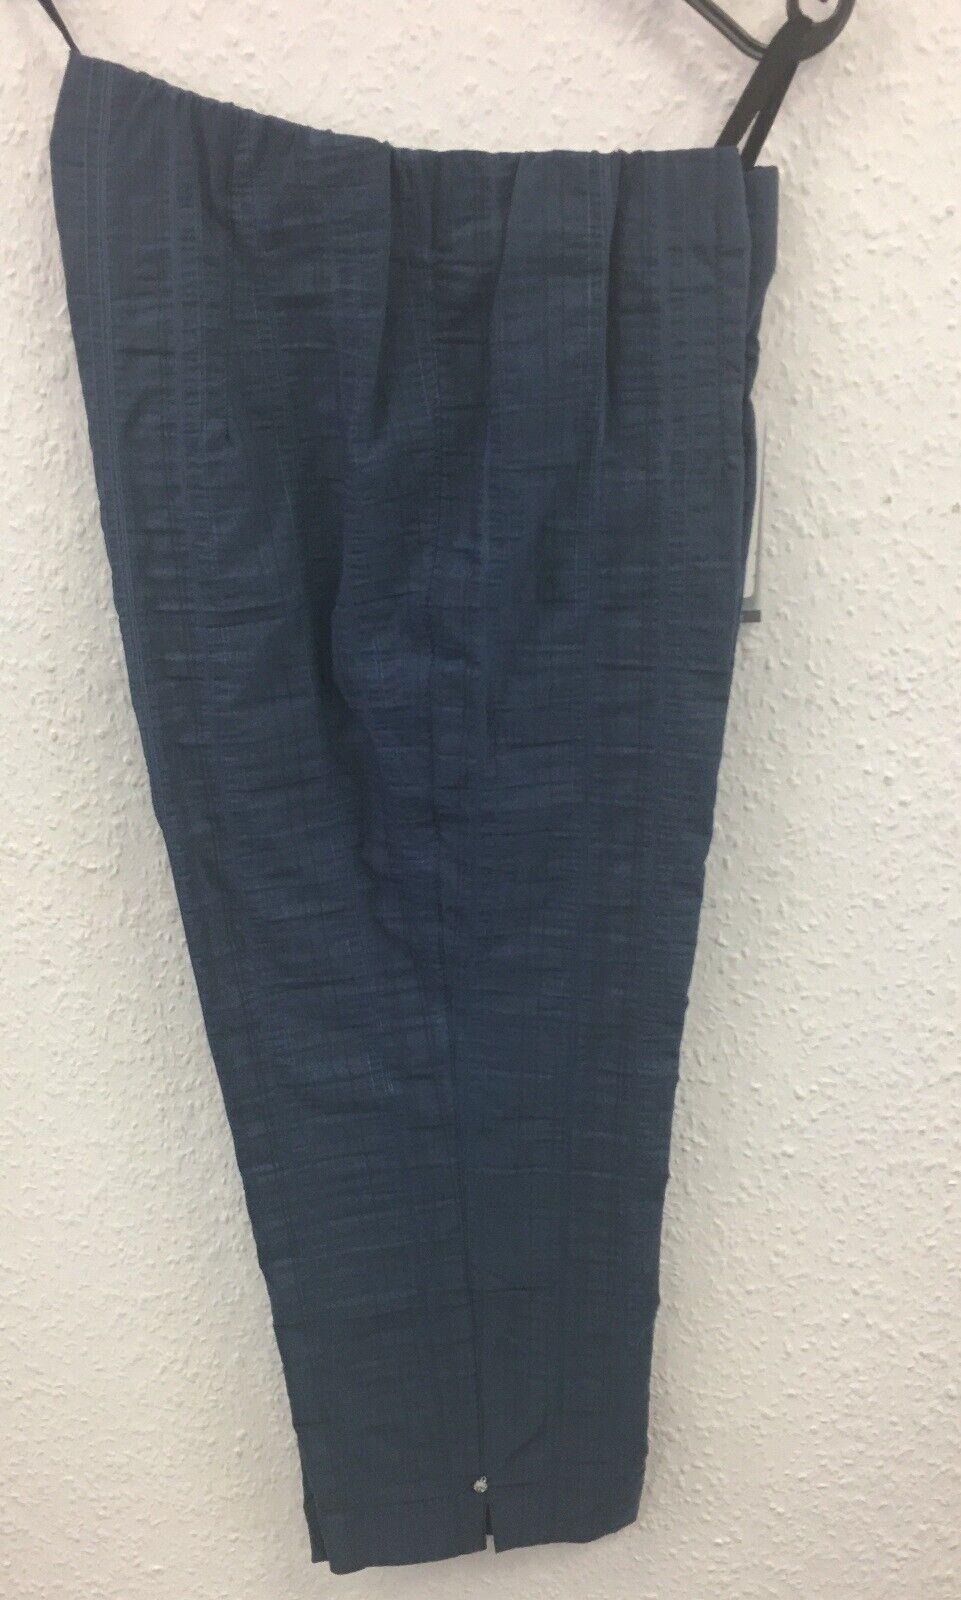 Kj Brand Capri Hose Susie blau Baumwolle Gummibund Damen Sommerhose Wash & Go
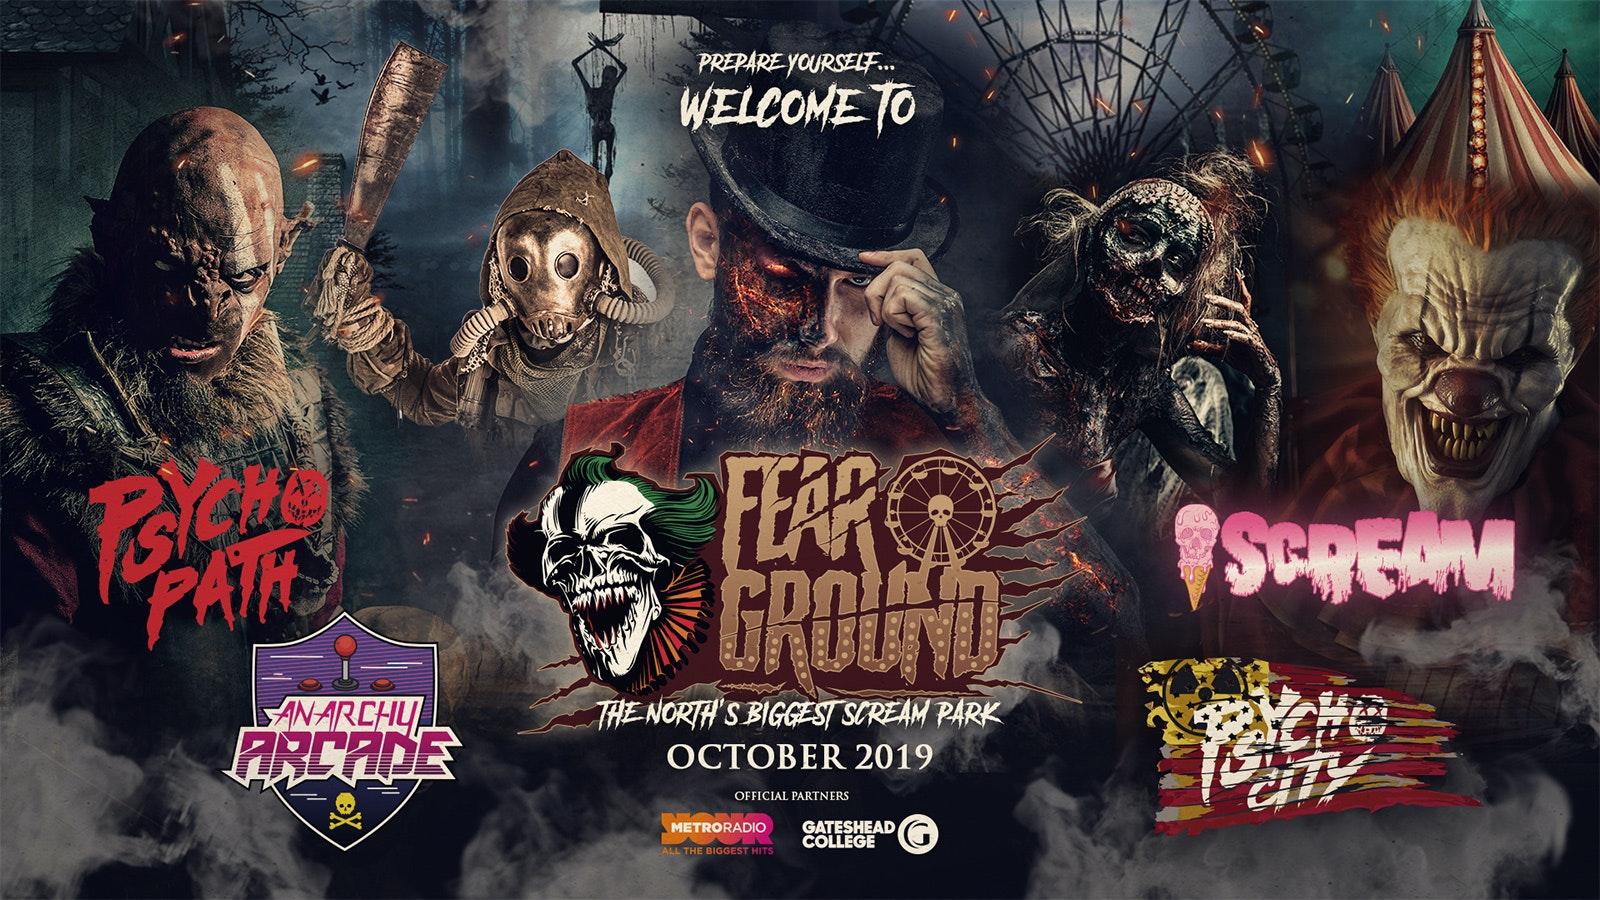 Psycho Path – Sunday 27th October 2019
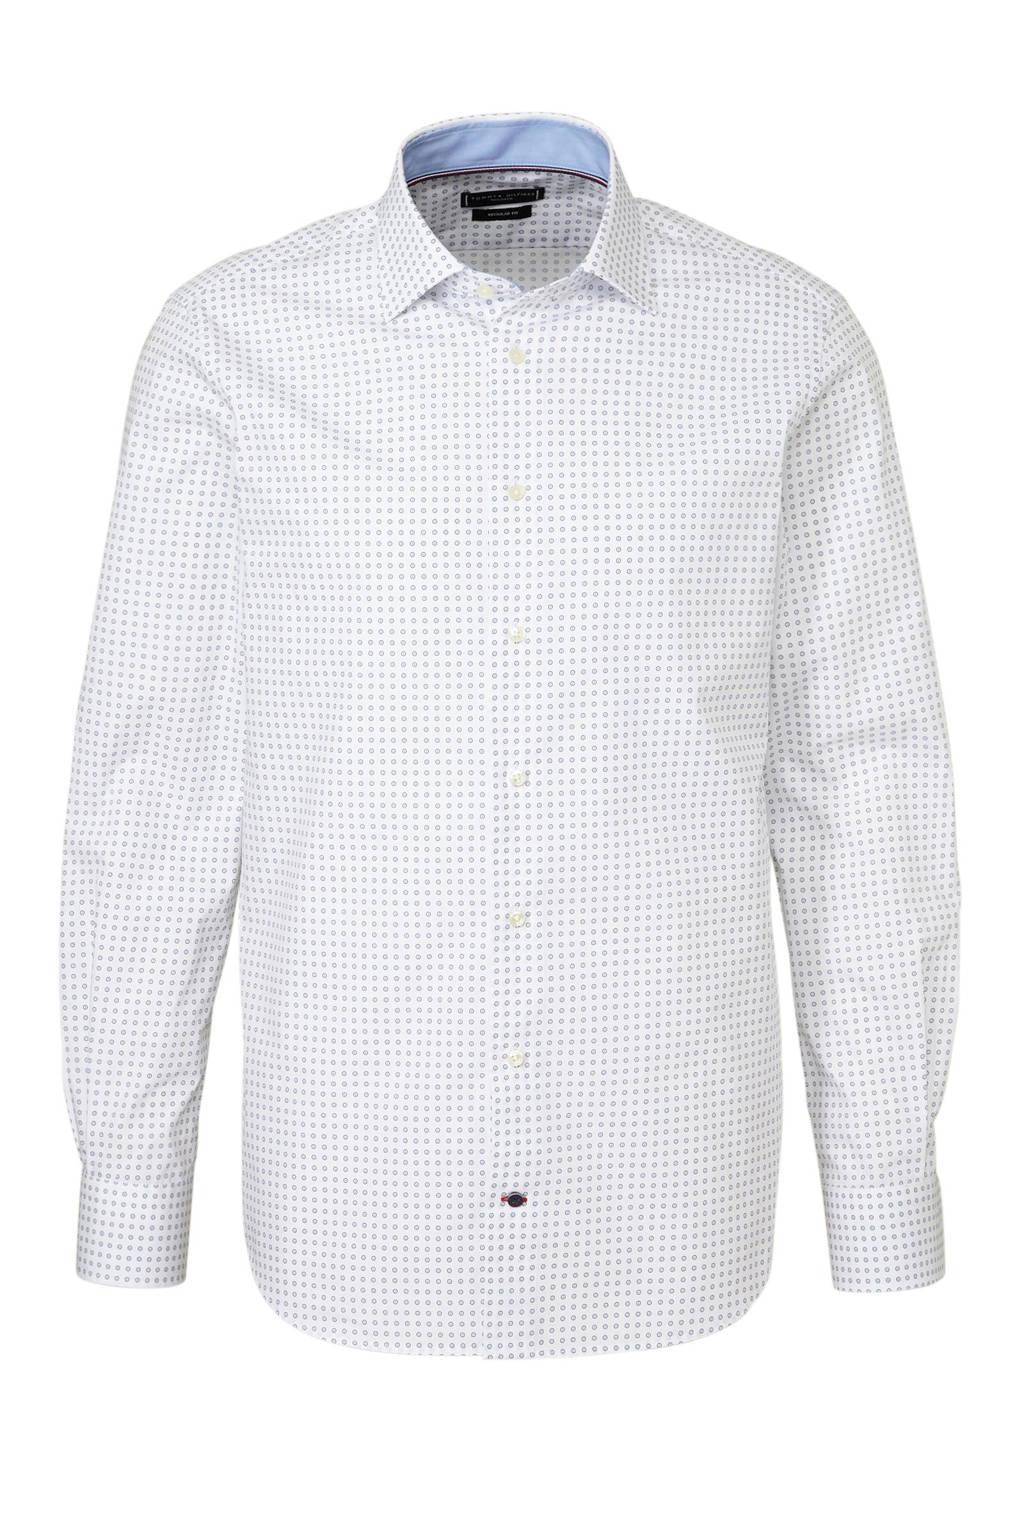 Tommy Hilfiger Tailored regular fit overhemd, Wit/blauw

━━━━━━━━

Starting at the line that holds "Psycho Path – Sunday 27th October 2019", retype every line through the end of the data, both ends included. Pictures stay out of the copy.

* Worked solution:
 Psycho Path – Sunday 27th October 2019
 Tommy Hilfiger Tailored regular fit overhemd, Wit/blauw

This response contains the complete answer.